Duplain had taken only a 40-hour "pre-basic course" consisting of mostly online classes and firearms training, said Rusty Goodpaster, director of Indiana's police academy. Indiana law allows new hires up to one year to go through the police academy, but they can take on enforcement duties before then if they take the pre-basic course, Goodpaster said.
Police said the victim, Michael McKinney, 21, had lunged at the officer, who was responding to a burglary call. McKinney's family said he had gone to the wrong home after a night of drinking.
"When someone's put in a situation where they're given a firearm and they're not trained as they should be, you're asking for trouble," said Tim McKinney, the student's father.
A university attorney would not comment on specifics of the case.
In Illinois, Janice Cole, a 58-year-old nurse, died in 2004 when a police SUV driven by Sparta Police Officer Misty McPherson slammed into Cole's car during a chase.
Charles Chapman, the lawyer who helped Cole's family win $5.4 million in a lawsuit, said a policy that allows officers up to six months to enroll in the academy contributed to the woman's death. McPherson had not even started basic training.
"She didn't even know how to turn the sirens on," Chapman said.
Sparta's police chief did not return a call for comment.

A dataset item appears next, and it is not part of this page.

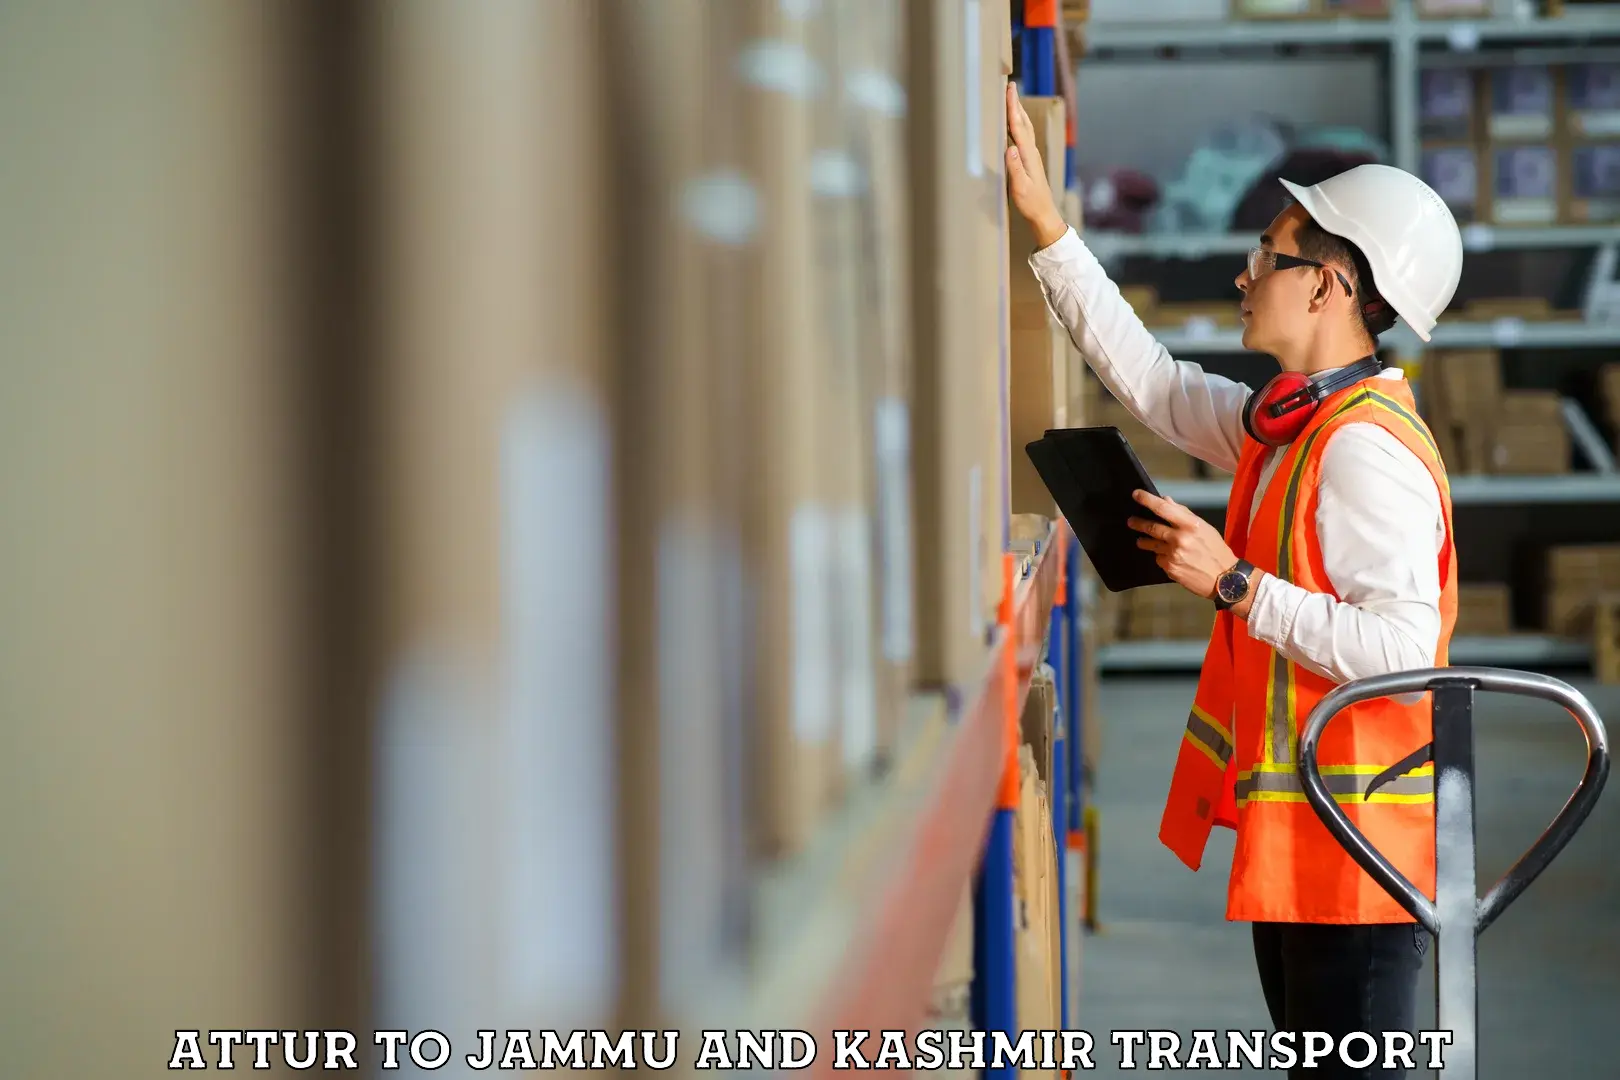 Online transport service Attur to Jammu and Kashmir

In Mississippi, Greenwood Police Officer Casey Wiggins was captured by surveillance cameras at a high school in the Mississippi Delta in December, pointing his weapon at an unarmed student, 17-year-old James Marshall. Marshall, who was not disciplined by the school or charged with a crime, is suing for $2 million.
Police recruits in Mississippi have two years to get trained, during which time they are supposed to be supervised by a full-fledged officer. But no other office was visible in the surveillance tapes during the confrontation.
"Not only could Mr. Marshall have been killed, innocent bystanders could have been killed as well," said Carlos Moore, the student's lawyer. "Clearly, if Mr. Wiggins had been trained, he would have conducted himself in a more appropriate manner."
Wiggins, through his attorney, has said that he did no wrong and that Marshall resisted when the officer approached a group of students to see what they were up to. A hearing is set for March to determine if the officer should face charges.
Some states - Arizona, California, Colorado, Connecticut, Delaware, Hawaii, Michigan, Minnesota, Missouri, New York, Ohio, Pennsylvania, Texas, Utah, Vermont and Wyoming - require training before officers are put on the force. Elsewhere, the rules are different.
"The minute I say, `I do,' I can carry out the laws of small-town West Virginia," said Chuck Sadler, law enforcement training coordinator for West Virginia, where recruits have 90 days to apply to the police academy.
Some states like Tennessee, which allows officers six months to attend a training academy, have considered eliminating the grace period, said Brian Grisham, executive secretary of Tennessee's Peace Officers Standards and Training.